Automate PDF & Image Text Extraction to Categorized CSV with AI
Automatically extract and categorize financial transactions from PDFs and images, achieving 100% reduction in manual data entry and ensuring consistent, structured data output for analysis.
Manually extracting and categorizing data from diverse documents like bank statements, whether PDFs or images, is often a time-consuming and error-prone process. This workflow automates the entire process, leveraging powerful AI models like Vertex AI (Gemini) and Llama 3.1 via OpenRouter to accurately extract text, categorize transactions, and generate structured CSV files, eliminating the need for manual data entry.

Documentation
Automate PDF & Image Text Extraction to Categorized CSV
Manually extracting and categorizing data from PDFs and images, such as bank statements, is a tedious and error-prone process. This workflow leverages Vertex AI and other LLMs to automatically extract text, categorize transactions, and output them as a structured CSV file, eliminating manual data entry.
Key Features
- Automatically monitors Google Drive for new PDF and image files.

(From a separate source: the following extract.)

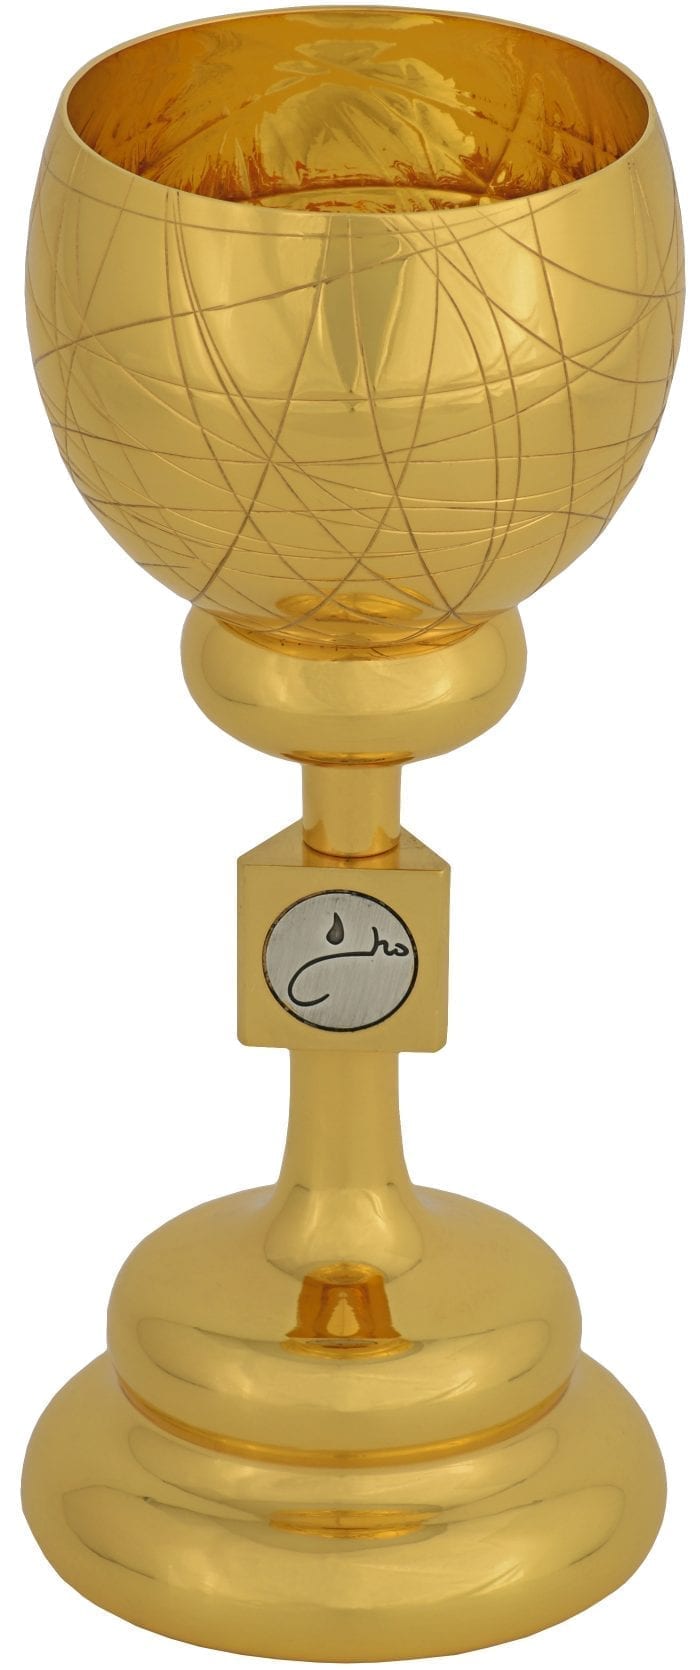 Calice "Flagellation" Maranatha Lab neo baroque in gilded brass embellished with engravings on the cup and symbol Jhs

- Intelligently routes files based on type (PDF or image) for specialized processing.
- Leverages advanced OCR for accurate text extraction from PDF documents.
- Utilizes Vertex AI (Gemini) for robust text recognition and data extraction from images.

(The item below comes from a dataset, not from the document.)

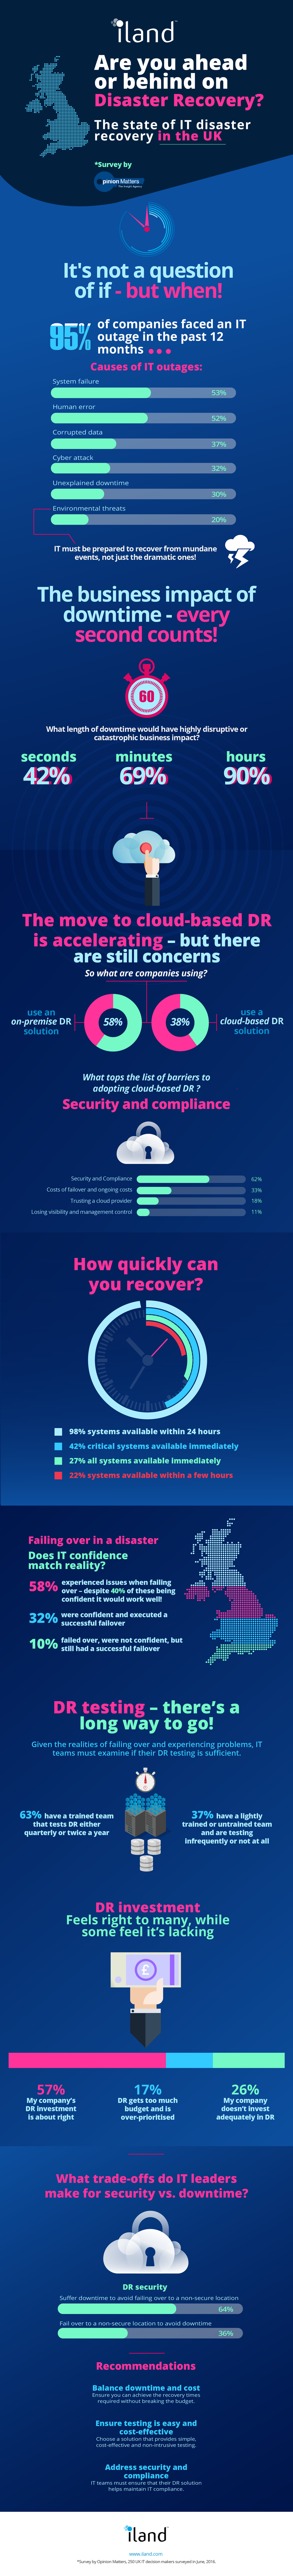 Infographic: Are you ahead or behind on Disaster Recovery?

- Applies Large Language Models (LLMs) via OpenRouter to categorize extracted data, such as financial transactions.
- Automatically converts extracted and categorized data into CSV format.
- Uploads the final categorized CSV files directly to a designated Google Drive folder.
How It Works
This workflow starts by monitoring a specified Google Drive folder for new PDF or image files. Upon detection, it intelligently determines the file type. If a PDF is uploaded, the workflow downloads it, extracts the text using an OCR process, and then sends this raw text to an external LLM (Llama 3.1 via OpenRouter) to extract structured transaction data and assign categories. If an image is uploaded, it's downloaded and sent to Vertex AI (Gemini) for direct text extraction, transaction parsing, and categorization. Both paths then convert the processed data into a CSV file and upload it to a designated output folder in Google Drive, providing a fully automated data pipeline from document ingestion to categorized export.